Die Evangelische Kindertageseinrichtung Roland liegt in Dortmunds Nordstadt. Von den 85 Plätzen sind 16 für Kinder unter drei Jahren vorgesehen. Derzeit sind 16 verschiedene Nationen vertreten, nur etwa 15 Prozent sind deutsche Kinder. Dementsprechend unterschiedlich ist auch der religiöse Hintergrund, aus dem die Kinder kommen – es reicht von Zeugen Jehovas über Muslime verschiedenster Prägung bis hin zu Kindern mit buddhistischem Glauben. Karin Ilgenfritz sprach mit Andrea Schaedel, Leiterin der Einrichtung, über die religiöse Erziehung.

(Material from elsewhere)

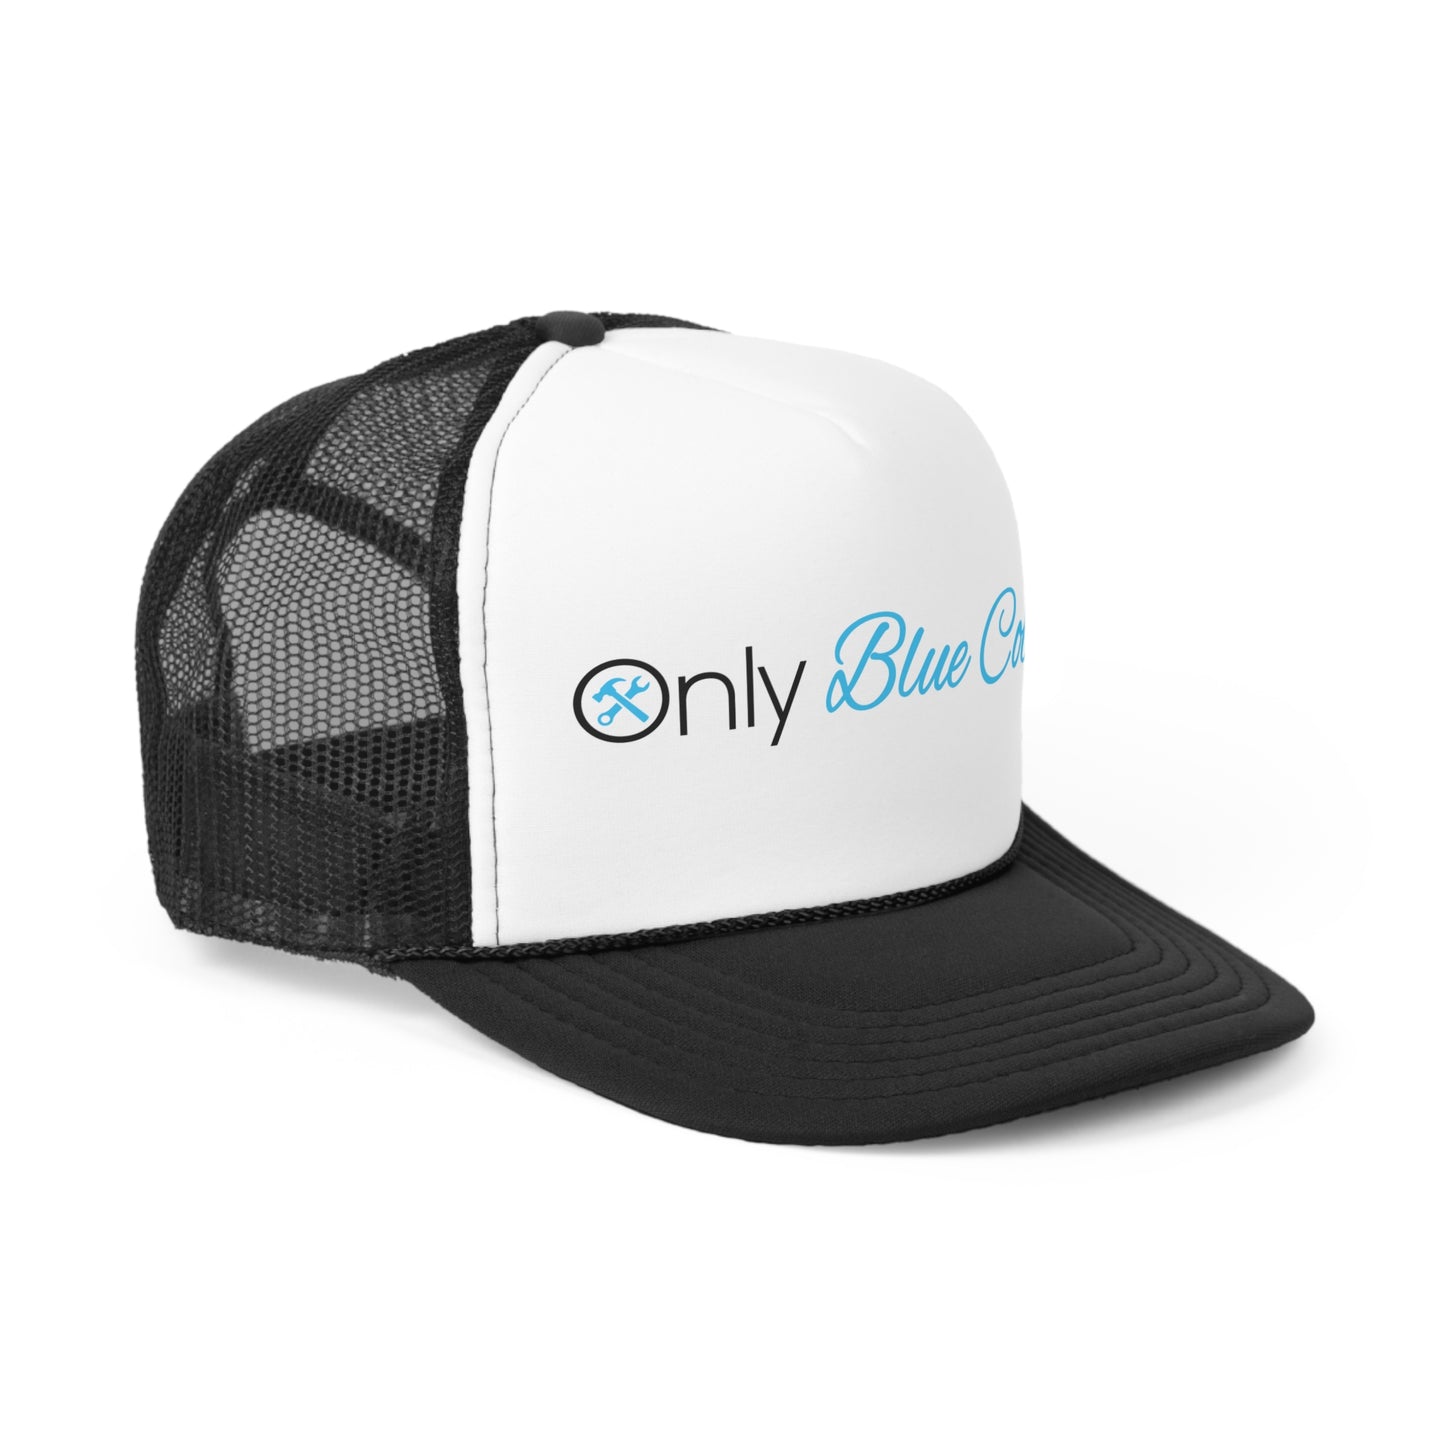 Only Blue Collar - Trucker Caps

• Wissen die Eltern denn, dass es sich bei Ihnen um eine kirchliche Einrichtung handelt?
Ja, in der Regel schon. Viele melden ihre Kinder auch genau aus diesem Grund bei uns an. Sie sagen, es ist ihnen lieber als eine städtische Einrichtung, in der Religion keine Rolle spielt. Die Eltern finden es gut, wenn ihre Kinder von Gott erfahren und ihnen christliche Werte vermittelt werden. Für die muslimischen Eltern ist es wichtig, dass ihre Kinder kein Schweinefleisch essen. Darauf achten wir.
• Wie kommen die Kinder zurecht – können sie denn schon so gut deutsch, um zum Beispiel einer biblischen Geschichte zu folgen?
Die meisten Kinder, die zu uns kommen, können kaum ein Wort Deutsch. Anfangs läuft vieles nonverbal ab. Wir sind hier in der Einrichtung alle Spezialisten darin, die Kinder an die Sprache heranzuführen. Wir haben Kurse belegt für Sprachvermittlung und bilden uns immer weiter. Es gibt hervorragendes Material – Spiele, Bücher, Bildkarten. Die Kinder lernen sehr schnell. Nach zwei Monaten reichen ihre Sprachkenntnisse bereits aus, um sich verständlich zu machen.
• Wie sieht bei Ihnen religiöse Erziehung aus?
An zwei Tagen im Monat kommt die Pfarrerin. Oft erzählt sie biblische Geschichten mit einer Handpuppe. Das lieben die Kinder. Wir sprechen über die kirchlichen Feste im Jahreskreis und spielen auch mal Geschichten nach – legen zum Beispiel vor Ostern den Palmweg. Außerdem singen wir viele Kinderlieder mit christlichem Inhalt und beten gemeinsam. Beim Beten legen wir aber keinen Wert darauf, dass die Kinder ihre Hände falten. Das ist den meisten völlig fremd. Und es ist ja auch nicht nötig. Erntedank und Weihnachten feiern wir traditionell in unserer Kirche der Lydia-Gemeinde. Es kommen auch Eltern mit muslimischem Glauben, da ihre Kinder etwas aufführen und singen. Etwa zehn Prozent unserer muslimischen Eltern verzichten allerdings aus Glaubensgründen auf den Besuch eines evangelischen Gottesdienstes.
• Welche Rolle spielen die anderen Religionen im Kindergartenalltag?
Da etwa die Hälfte unserer Kinder einen muslimischen Hintergrund haben, feiern wir schon auch mal das Opferfest oder das Zuckerfest. Wir haben auch buddhistische Kinder und Zeugen Jehovas. Gerade Zeugen Jehovas feiern so gut wie gar nicht, lediglich den Namenstag. Den begehen wir dann im Kindergarten auch. Andere Feiertage oder das, was Kinder sonst einbringen, sind Thema in unserem täglichen Morgenkreis. Da werden die Kinder in kleine Gruppen aufgeteilt und es wird darüber gesprochen, was sie bewegt.
• Sie sind in Ihrer Einrichtung offen für alle Nationalitäten und Religionen. Wo sind Grenzen?
Einmal wurde ein muslimisches Mädchen angemeldet. Es war noch keine zwei Jahre alt, sollte aber einen Schleier tragen. Da haben wir gesagt, wir nehmen es nur ohne Schleier. Darauf ließen sich die Eltern ein. Wir hatten auch schon einen Fall, wo ein Kind die muslimische Fastenzeit einhalten sollte. Dagegen sind wir eingeschritten, das ist eine Überforderung und einfach ungesund. Aber insgesamt ist es erstaunlich, wie tolerant die meisten Eltern sind. Sie sind froh, dass ihr Kind bei uns gut aufgehoben ist und Werte wie Gerechtigkeit und Ehrlichkeit vermittelt bekommt.